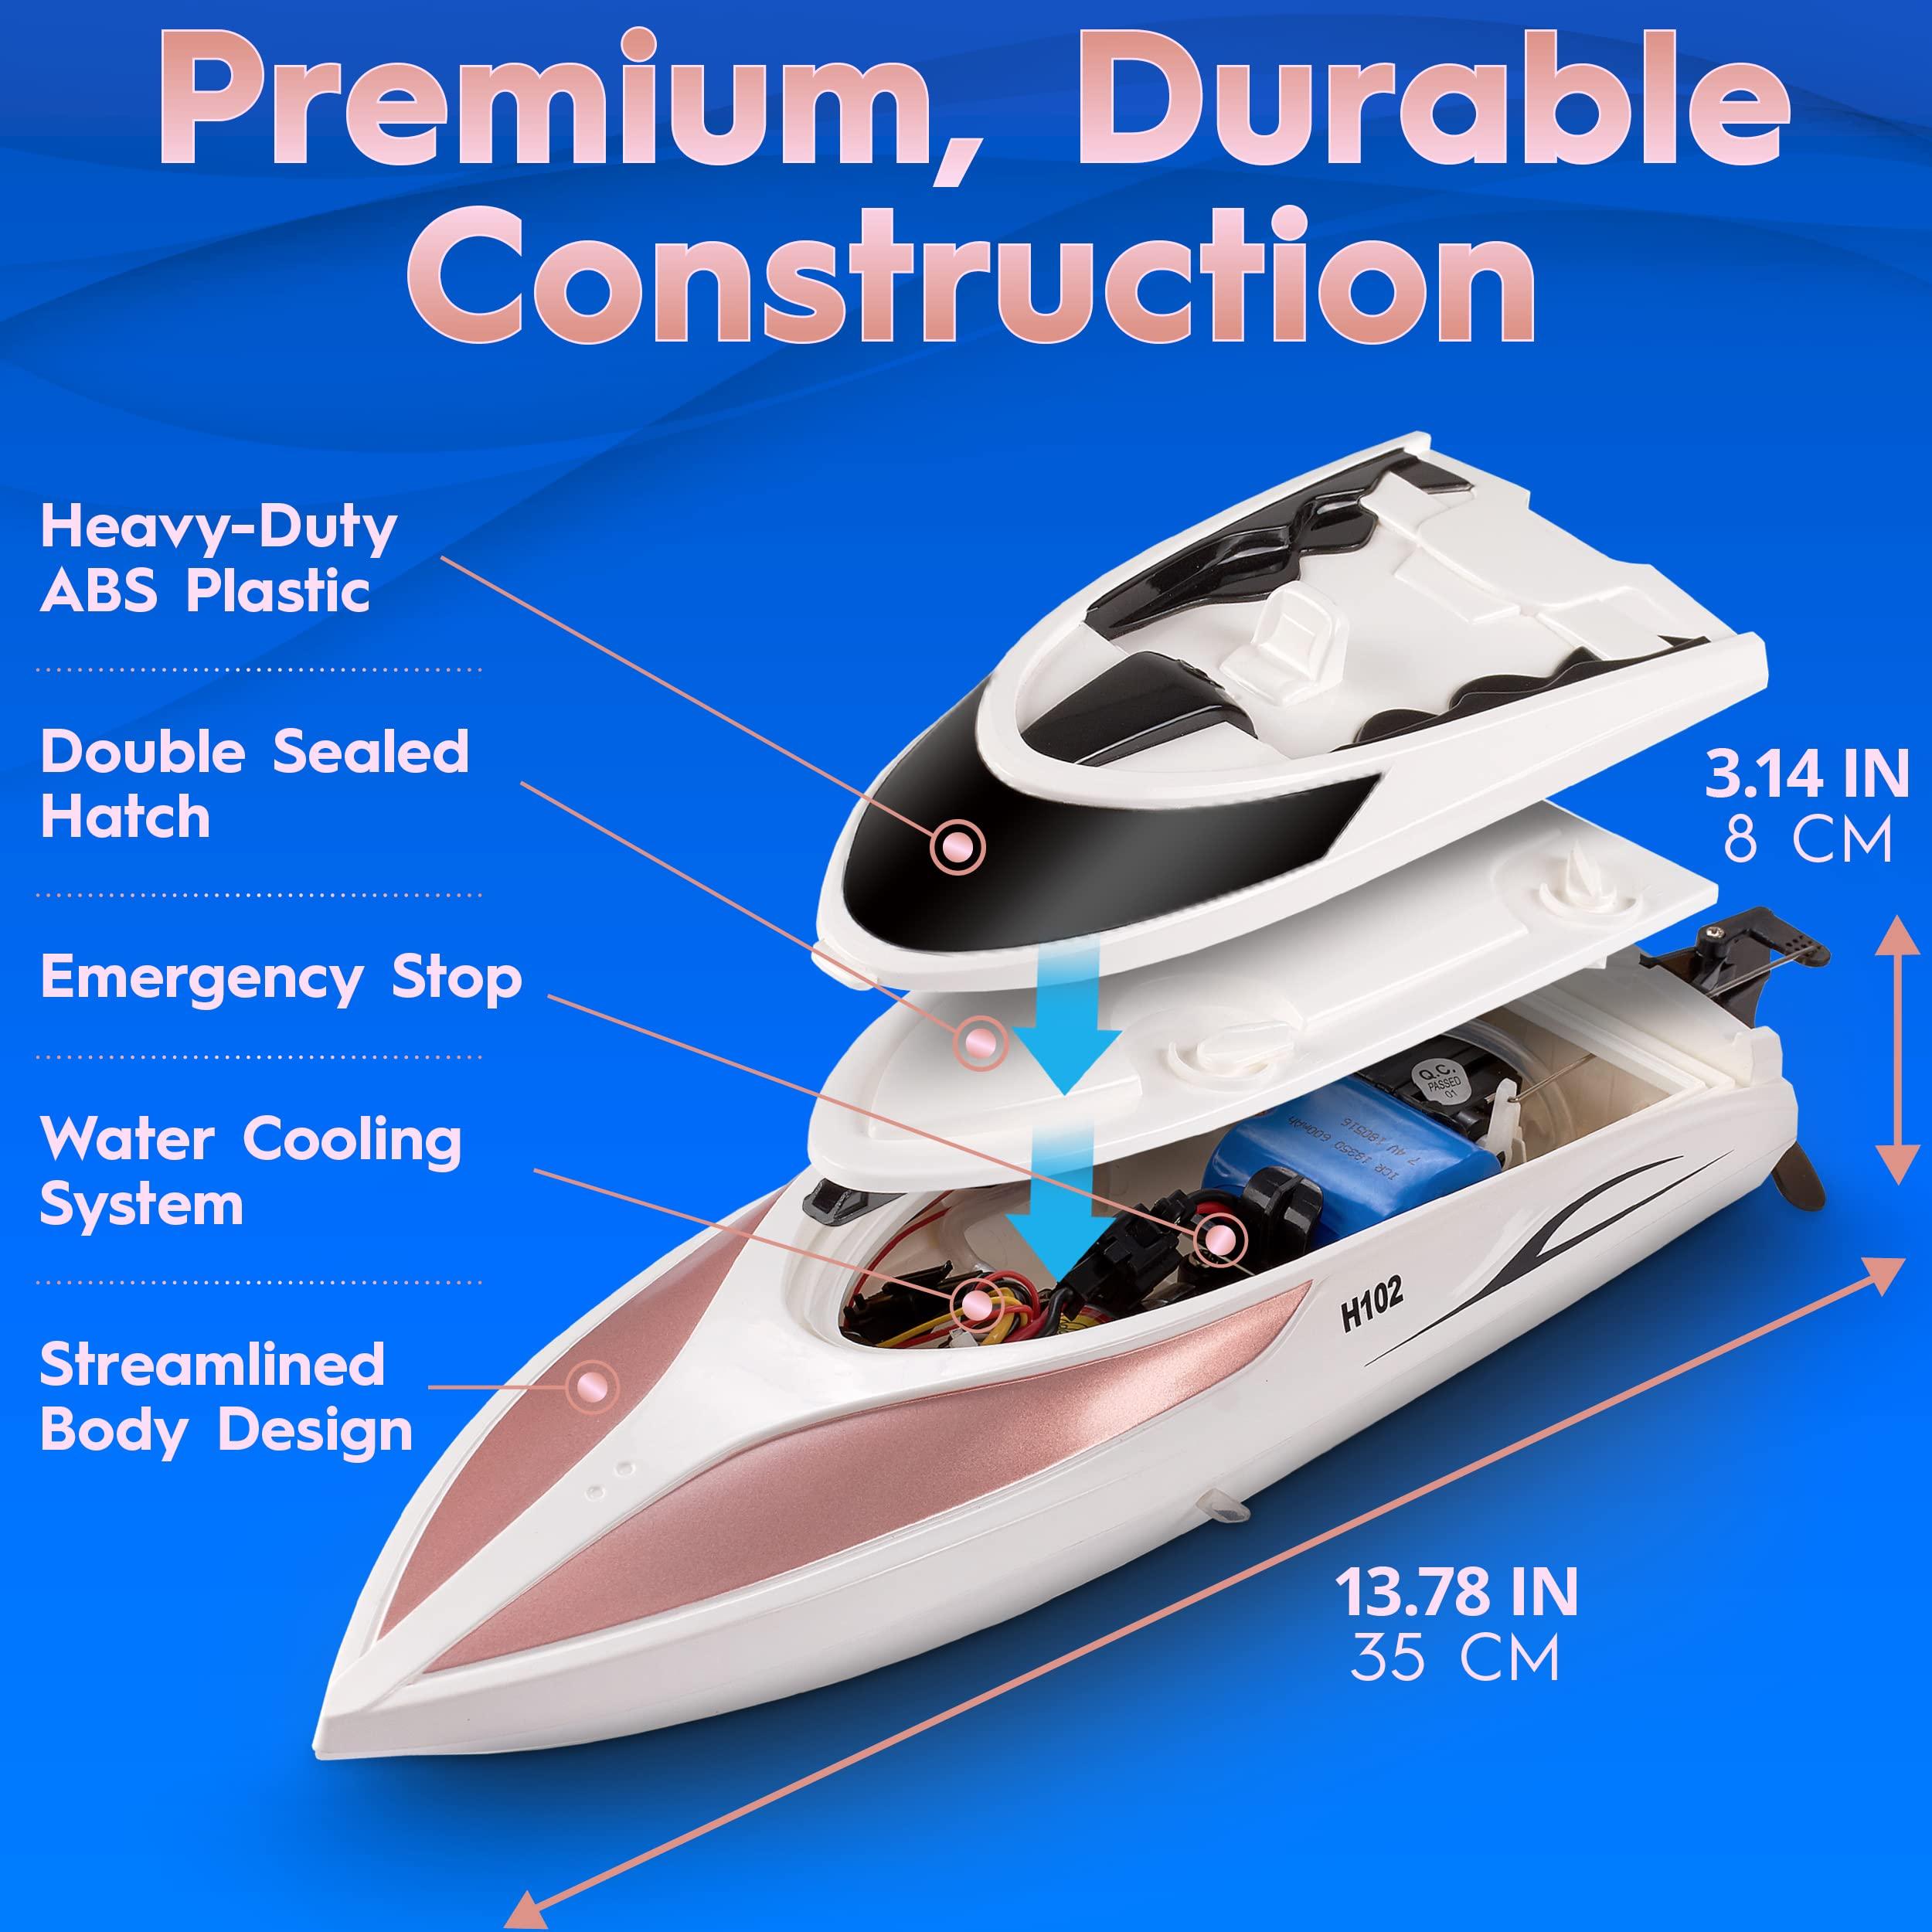 Rc Boat Online Store: Convenient and Reliable: Benefits of Shopping at an RC Boat Online Store
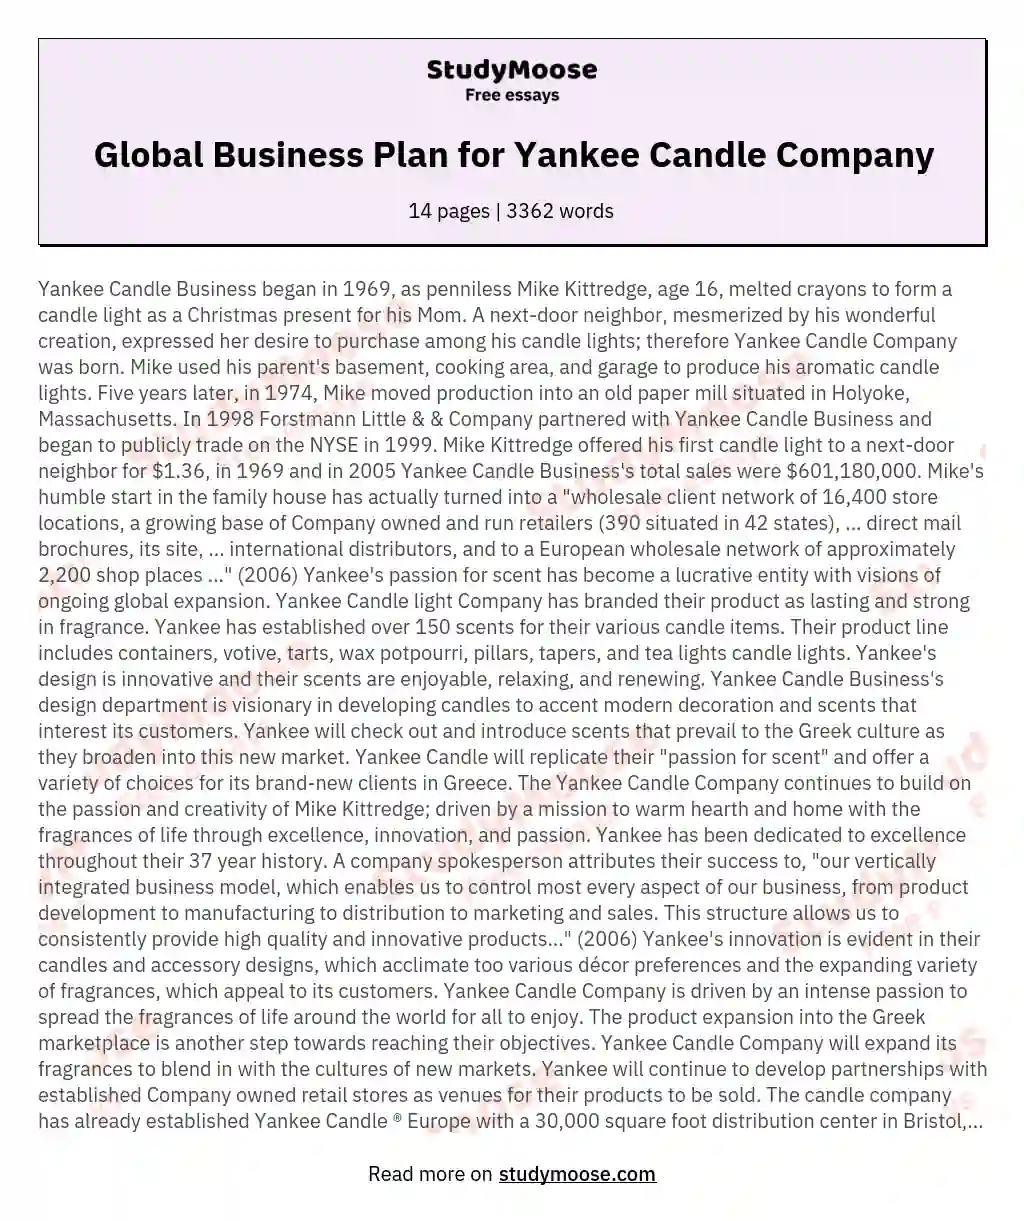 Global Business Plan for Yankee Candle Company essay
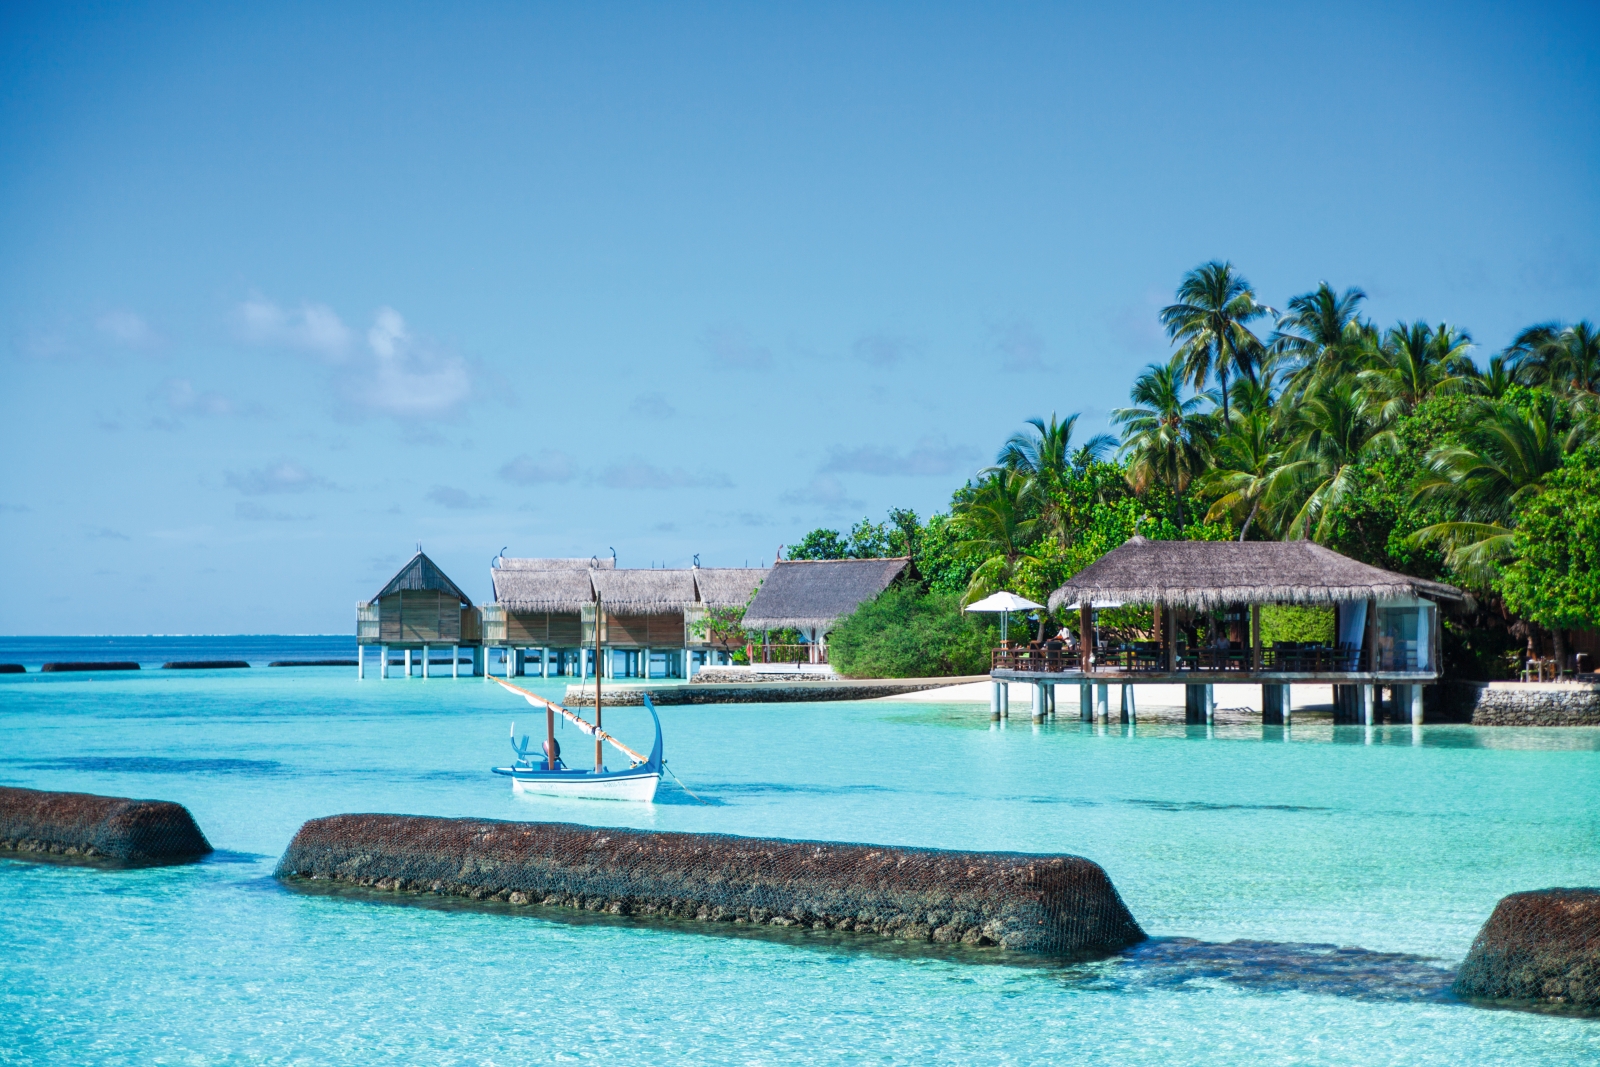 Seaside bar at luxury resort Constance Moofushi in the Maldives seen from the turquoise waters of the Indian Ocean
*-*-*
WHAT THE TASK ASKS - Please set down every line of the listing verbatim, excluding its pictures.

WRITTEN REPLY -
 Rc Boat Online Store: Convenient and Reliable: Benefits of Shopping at an RC Boat Online Store
 Global Business Plan for Yankee Candle Company essay
 Seaside bar at luxury resort Constance Moofushi in the Maldives seen from the turquoise waters of the Indian Ocean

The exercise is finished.